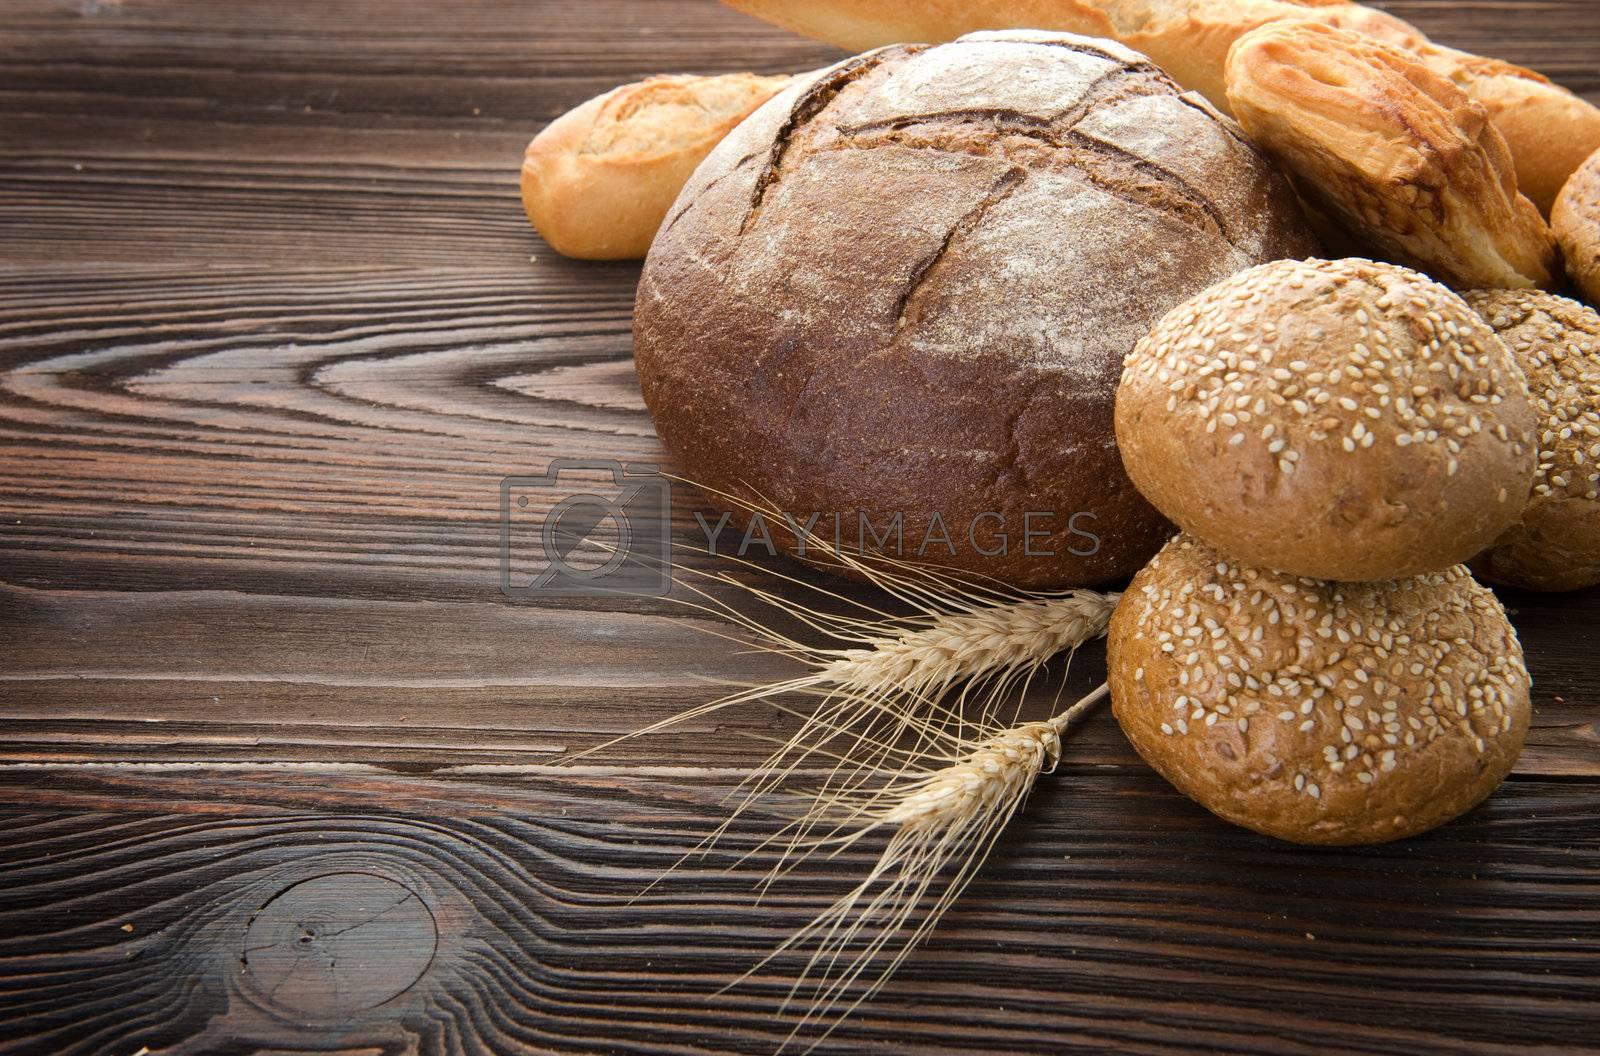 Baked Bread Border by Subbotina Anna
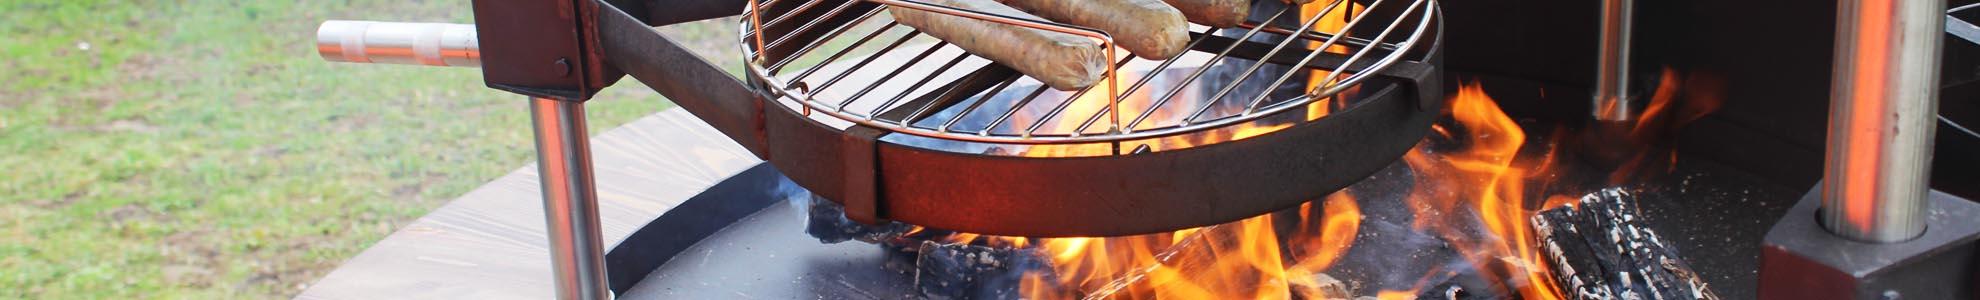 Финские остравные барбекю конструкция барбекю с коптильней стационарная фото
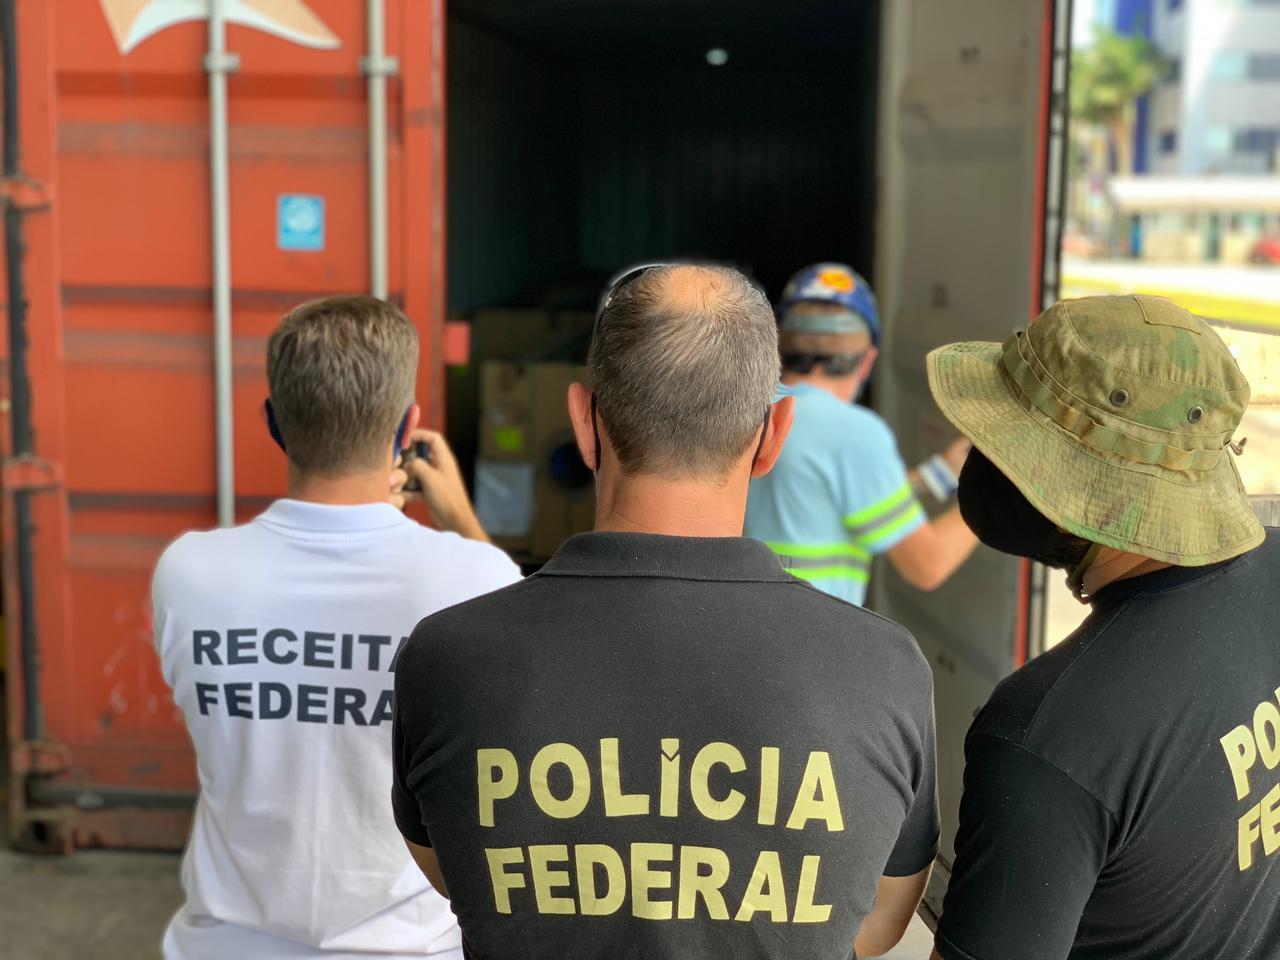 Polícia Federal, Receita Federal e IBAMA fiscalizam contêineres no Porto de Paranaguá

_What you have to do_: Word for word, give the listing above again, but drop any pictures.

_Response for this exercise_:
 Baked Bread Border by Subbotina Anna
 Финские остравные барбекю конструкция барбекю с коптильней стационарная фото
 Polícia Federal, Receita Federal e IBAMA fiscalizam contêineres no Porto de Paranaguá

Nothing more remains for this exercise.